===== Recorded information
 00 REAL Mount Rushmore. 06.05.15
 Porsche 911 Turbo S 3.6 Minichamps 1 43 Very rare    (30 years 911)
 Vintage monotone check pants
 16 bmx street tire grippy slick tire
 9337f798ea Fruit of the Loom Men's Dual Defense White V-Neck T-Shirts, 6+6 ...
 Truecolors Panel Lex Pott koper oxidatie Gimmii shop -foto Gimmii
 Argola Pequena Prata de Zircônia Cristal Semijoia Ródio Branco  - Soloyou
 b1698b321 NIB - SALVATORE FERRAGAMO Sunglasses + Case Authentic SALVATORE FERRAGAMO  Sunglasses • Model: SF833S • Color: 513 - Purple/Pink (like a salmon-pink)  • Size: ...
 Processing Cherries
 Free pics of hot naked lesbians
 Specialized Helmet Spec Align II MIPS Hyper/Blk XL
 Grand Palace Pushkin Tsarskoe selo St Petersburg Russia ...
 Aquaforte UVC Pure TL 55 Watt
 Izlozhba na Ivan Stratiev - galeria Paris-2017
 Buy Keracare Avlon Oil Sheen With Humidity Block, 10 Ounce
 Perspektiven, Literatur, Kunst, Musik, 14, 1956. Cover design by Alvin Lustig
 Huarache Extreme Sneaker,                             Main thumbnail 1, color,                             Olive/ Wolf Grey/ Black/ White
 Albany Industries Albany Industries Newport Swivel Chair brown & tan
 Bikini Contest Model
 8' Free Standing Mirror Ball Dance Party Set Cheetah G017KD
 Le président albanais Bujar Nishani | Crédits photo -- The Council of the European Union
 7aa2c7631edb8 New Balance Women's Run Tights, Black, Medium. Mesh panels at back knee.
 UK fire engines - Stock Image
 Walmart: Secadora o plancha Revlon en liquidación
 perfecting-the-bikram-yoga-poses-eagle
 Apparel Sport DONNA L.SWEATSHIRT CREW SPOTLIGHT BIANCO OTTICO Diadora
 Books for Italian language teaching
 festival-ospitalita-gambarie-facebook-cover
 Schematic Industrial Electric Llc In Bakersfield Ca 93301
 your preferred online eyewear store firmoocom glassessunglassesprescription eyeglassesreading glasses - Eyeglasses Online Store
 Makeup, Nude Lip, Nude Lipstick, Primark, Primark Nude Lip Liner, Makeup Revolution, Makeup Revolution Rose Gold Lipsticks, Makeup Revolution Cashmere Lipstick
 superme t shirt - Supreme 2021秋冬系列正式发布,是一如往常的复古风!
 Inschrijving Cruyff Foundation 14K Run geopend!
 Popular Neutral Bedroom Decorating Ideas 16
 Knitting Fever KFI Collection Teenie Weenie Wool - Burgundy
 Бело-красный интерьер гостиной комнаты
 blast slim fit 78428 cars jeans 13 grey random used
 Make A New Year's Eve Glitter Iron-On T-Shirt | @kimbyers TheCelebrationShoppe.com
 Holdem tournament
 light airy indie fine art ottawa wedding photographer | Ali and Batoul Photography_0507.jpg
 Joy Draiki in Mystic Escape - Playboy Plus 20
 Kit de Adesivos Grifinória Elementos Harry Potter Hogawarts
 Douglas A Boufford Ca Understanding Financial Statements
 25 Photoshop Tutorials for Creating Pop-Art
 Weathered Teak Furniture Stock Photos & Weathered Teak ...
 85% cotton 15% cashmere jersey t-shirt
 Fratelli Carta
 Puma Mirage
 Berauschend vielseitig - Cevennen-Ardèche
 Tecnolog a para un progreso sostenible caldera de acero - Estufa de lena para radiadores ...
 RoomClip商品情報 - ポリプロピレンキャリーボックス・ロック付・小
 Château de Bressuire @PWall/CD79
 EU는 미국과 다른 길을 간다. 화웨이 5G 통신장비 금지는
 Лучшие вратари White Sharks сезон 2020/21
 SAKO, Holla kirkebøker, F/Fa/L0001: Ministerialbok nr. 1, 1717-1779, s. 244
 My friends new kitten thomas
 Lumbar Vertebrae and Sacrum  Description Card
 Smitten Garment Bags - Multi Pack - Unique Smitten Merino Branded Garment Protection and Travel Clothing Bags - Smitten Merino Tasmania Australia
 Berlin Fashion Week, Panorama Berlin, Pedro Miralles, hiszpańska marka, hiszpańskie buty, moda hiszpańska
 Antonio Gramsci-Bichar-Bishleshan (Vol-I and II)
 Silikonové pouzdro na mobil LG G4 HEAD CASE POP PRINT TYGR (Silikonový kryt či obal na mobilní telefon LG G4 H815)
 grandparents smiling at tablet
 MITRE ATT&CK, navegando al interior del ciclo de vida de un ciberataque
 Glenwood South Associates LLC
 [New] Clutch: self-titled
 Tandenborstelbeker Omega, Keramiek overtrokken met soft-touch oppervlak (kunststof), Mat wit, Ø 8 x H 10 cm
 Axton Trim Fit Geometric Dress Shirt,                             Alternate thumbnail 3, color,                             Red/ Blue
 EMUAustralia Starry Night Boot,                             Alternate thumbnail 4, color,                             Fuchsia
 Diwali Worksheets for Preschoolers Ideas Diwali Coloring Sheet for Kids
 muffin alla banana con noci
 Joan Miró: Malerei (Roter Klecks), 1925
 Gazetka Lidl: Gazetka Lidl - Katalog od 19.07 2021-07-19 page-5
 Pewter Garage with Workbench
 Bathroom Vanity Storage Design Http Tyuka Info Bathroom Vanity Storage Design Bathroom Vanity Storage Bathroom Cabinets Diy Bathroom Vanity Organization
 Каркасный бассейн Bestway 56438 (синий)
==========
**What needs to be done:**
Reproduce exactly the section above that begins at the line containing "Puma Mirage" and ends at the line containing "SAKO, Holla kirkebøker, F/Fa/L0001: Ministerialbok", leaving out all other lines.

**Answer to the exercise:**
 Puma Mirage
 Berauschend vielseitig - Cevennen-Ardèche
 Tecnolog a para un progreso sostenible caldera de acero - Estufa de lena para radiadores ...
 RoomClip商品情報 - ポリプロピレンキャリーボックス・ロック付・小
 Château de Bressuire @PWall/CD79
 EU는 미국과 다른 길을 간다. 화웨이 5G 통신장비 금지는
 Лучшие вратари White Sharks сезон 2020/21
 SAKO, Holla kirkebøker, F/Fa/L0001: Ministerialbok nr. 1, 1717-1779, s. 244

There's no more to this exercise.